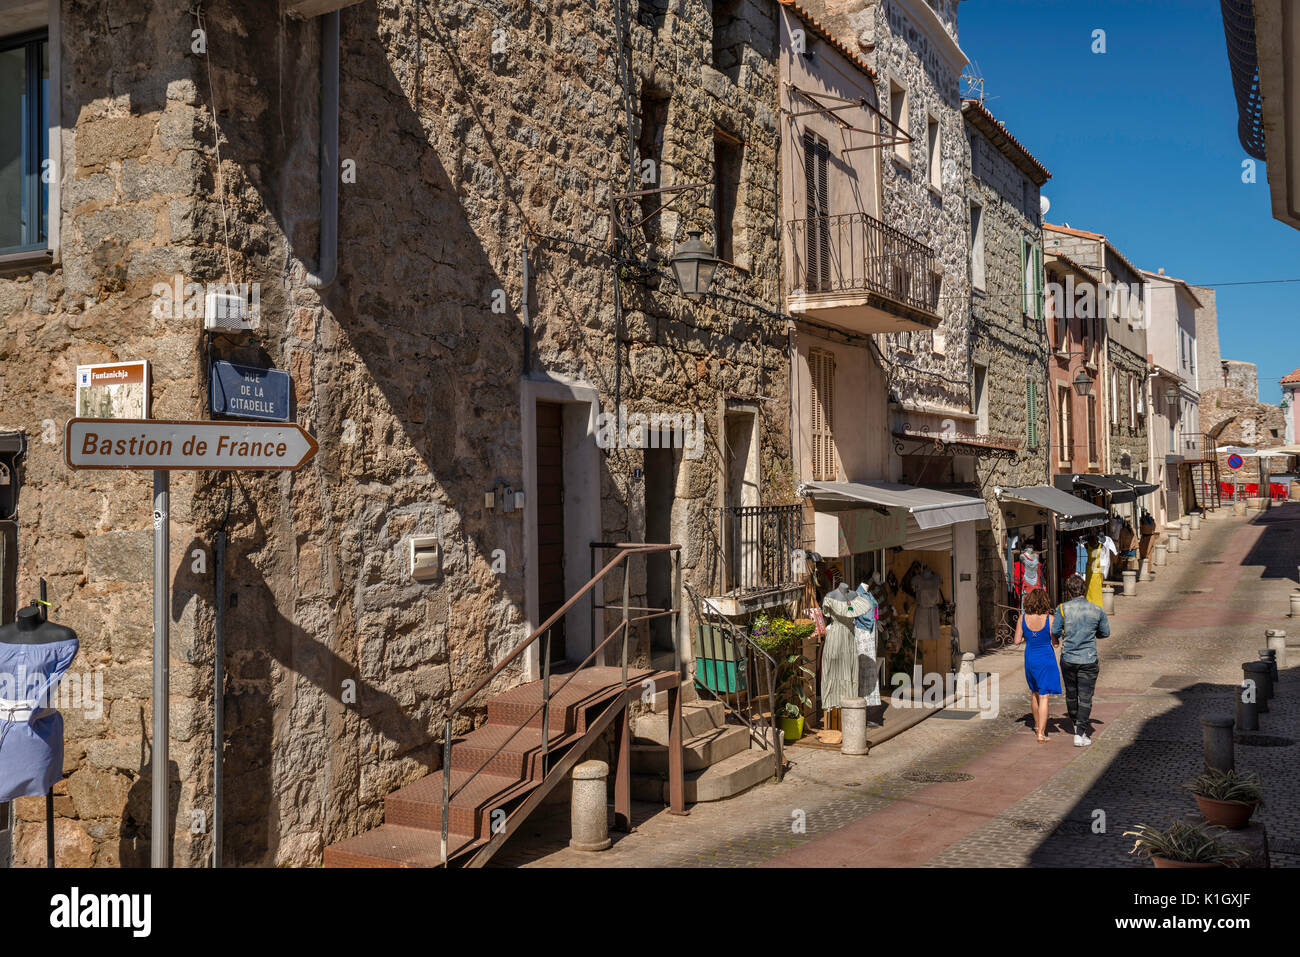 Rue de la Citadelle, Altstadt hilltop Abschnitt von Porto-Vecchio, Korsika, Frankreich Stockbild
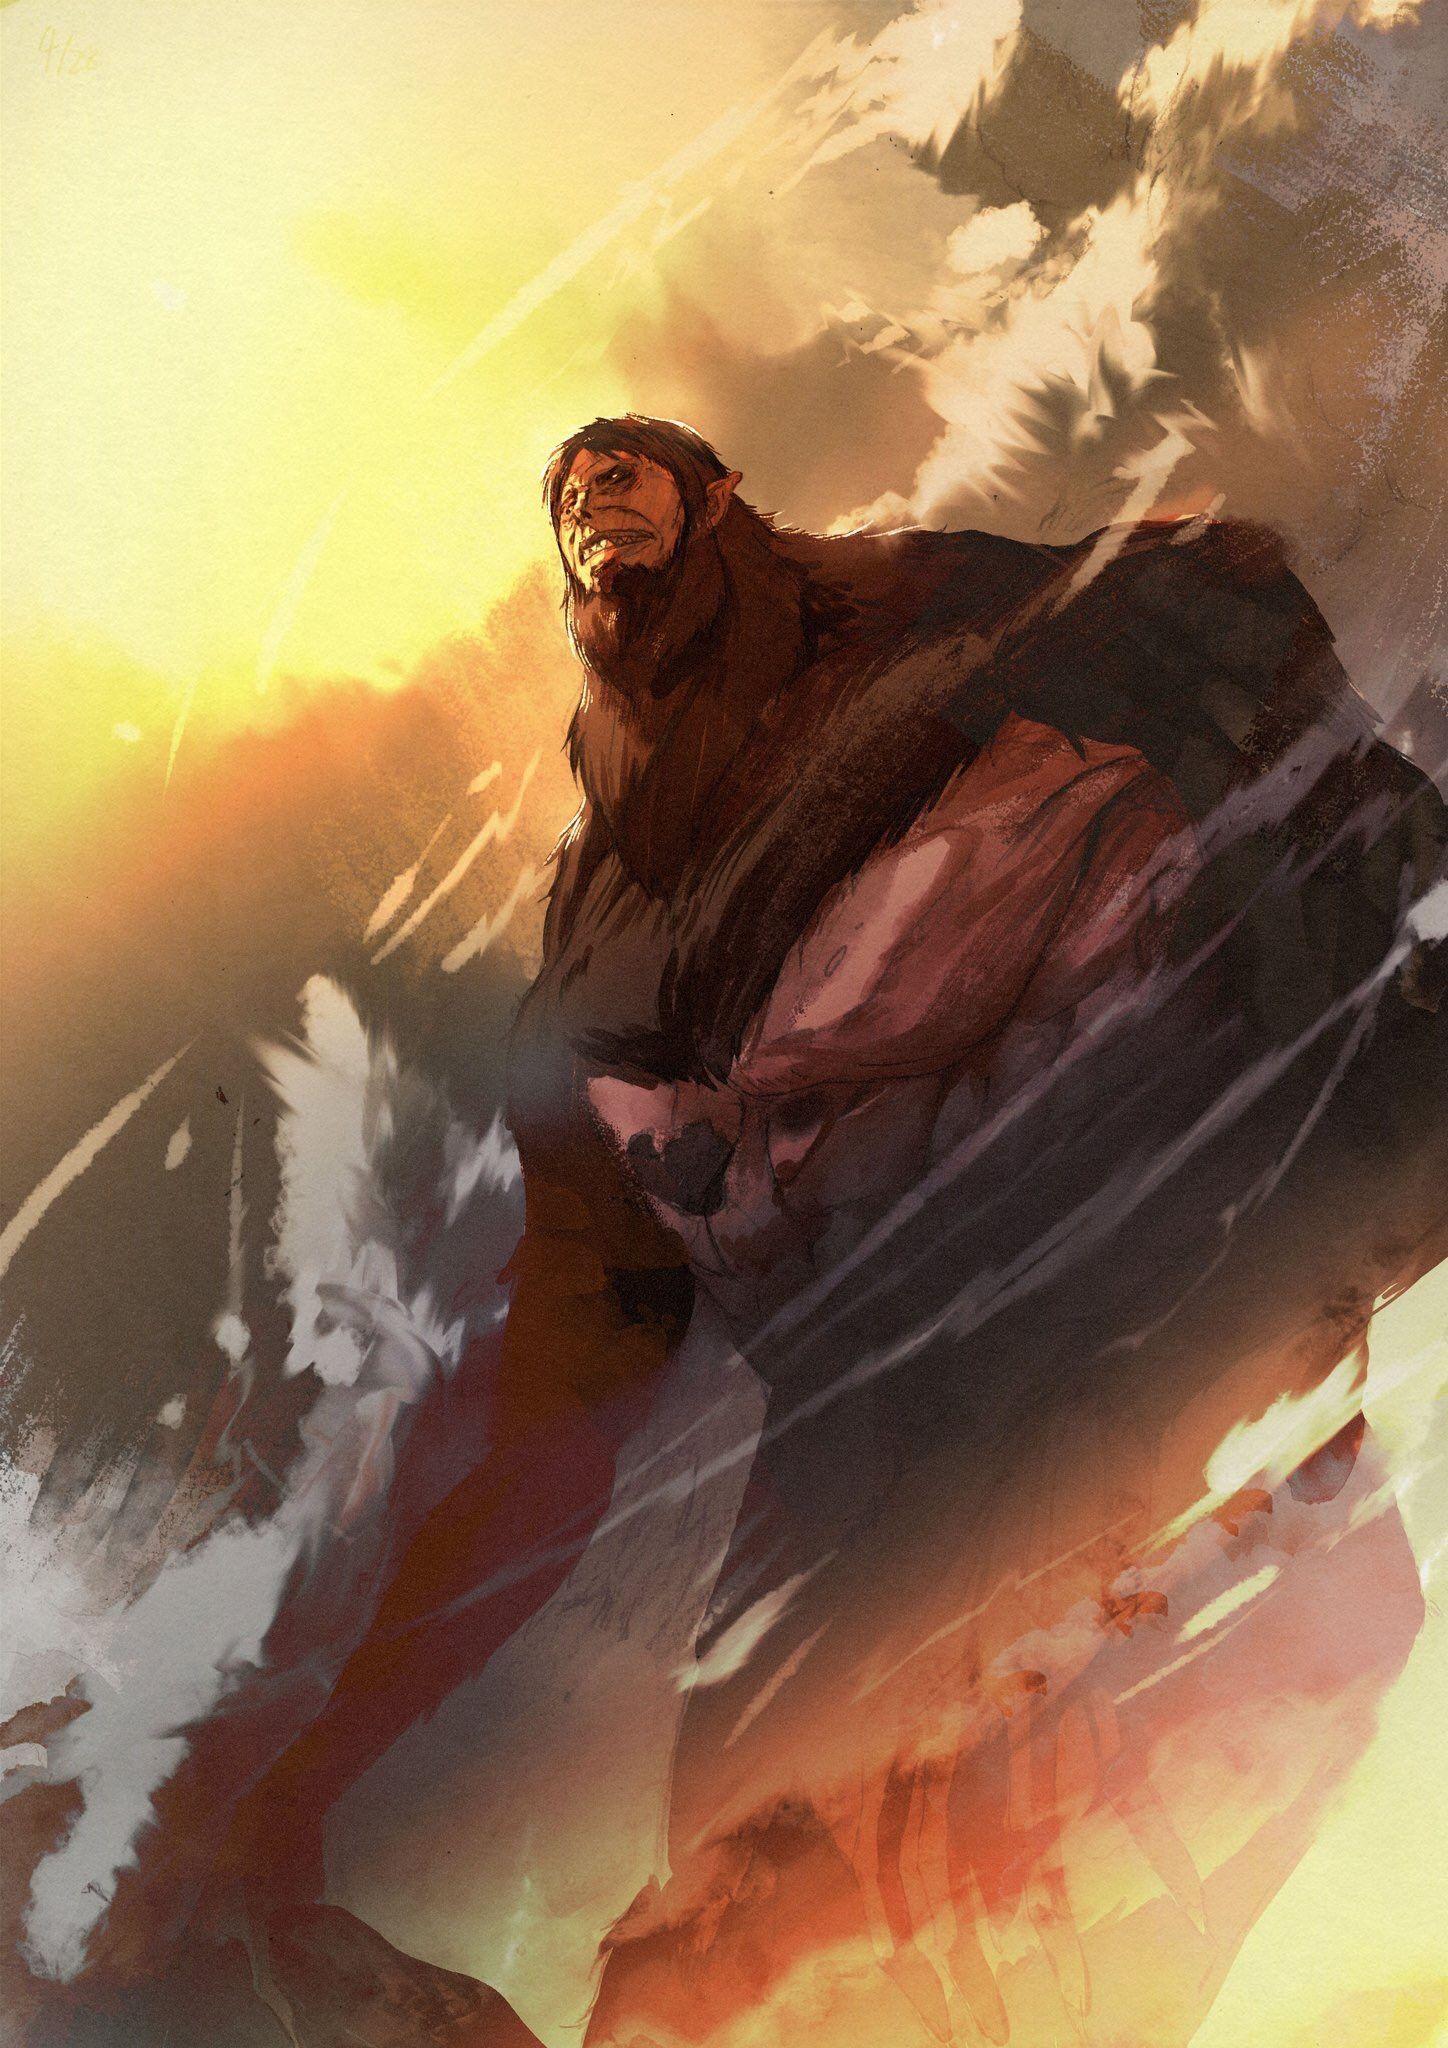 Zeke Beast Titan Attack On Titan Attack On Titan Anime Attack On Titan Art Attack On Titan
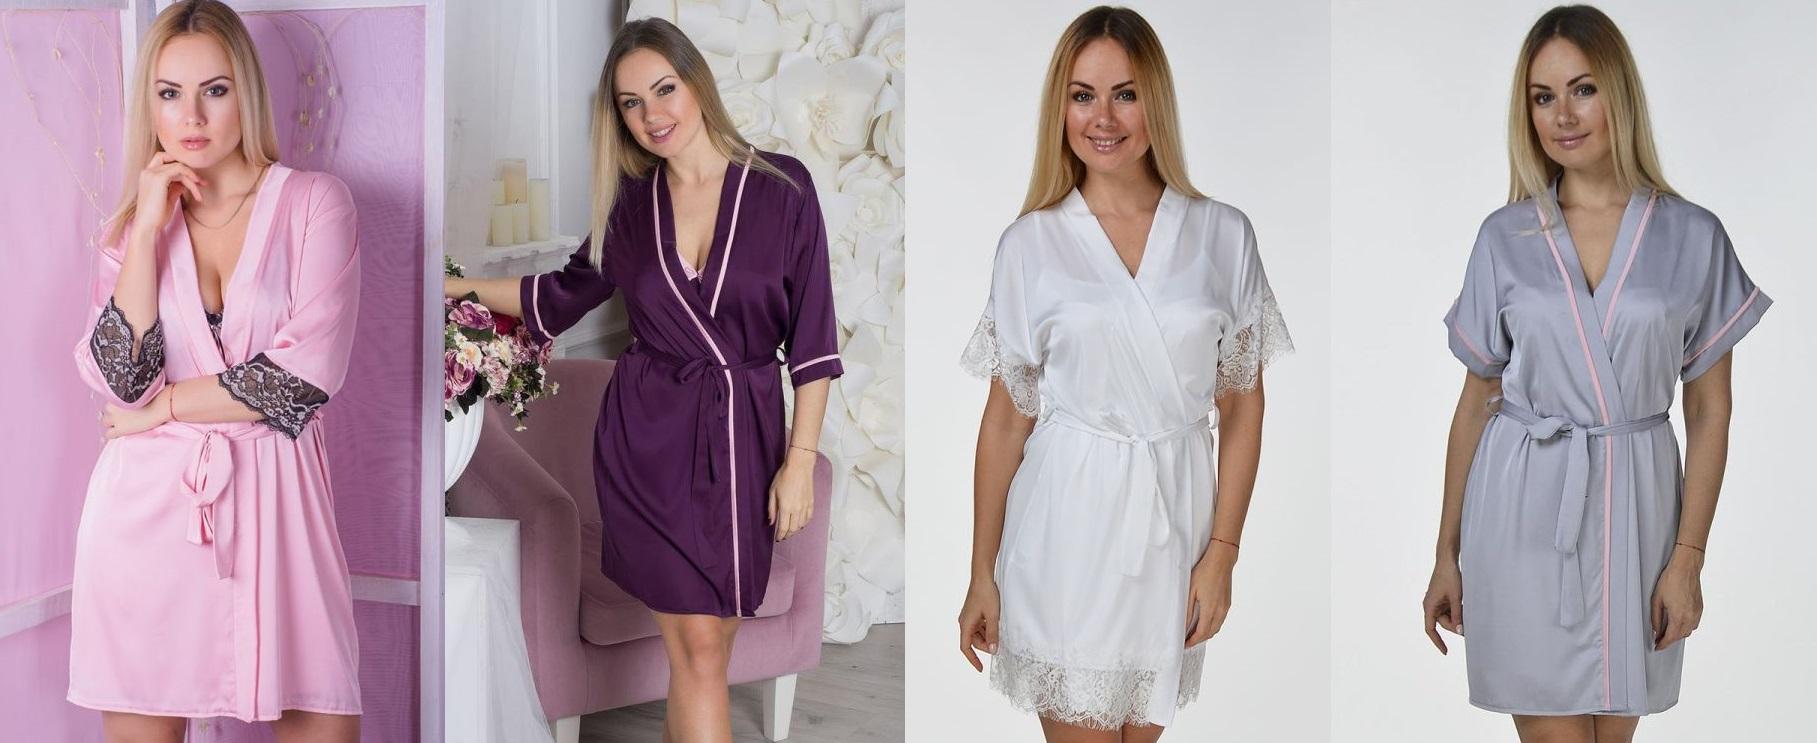 MiaNaGreen халаты шелк купить
○ ○ ○ ○
Without including any picture, output all the material exactly as it appears.

 Rue de la Citadelle, Altstadt hilltop Abschnitt von Porto-Vecchio, Korsika, Frankreich Stockbild
 Zeke Beast Titan Attack On Titan Attack On Titan Anime Attack On Titan Art Attack On Titan
 MiaNaGreen халаты шелк купить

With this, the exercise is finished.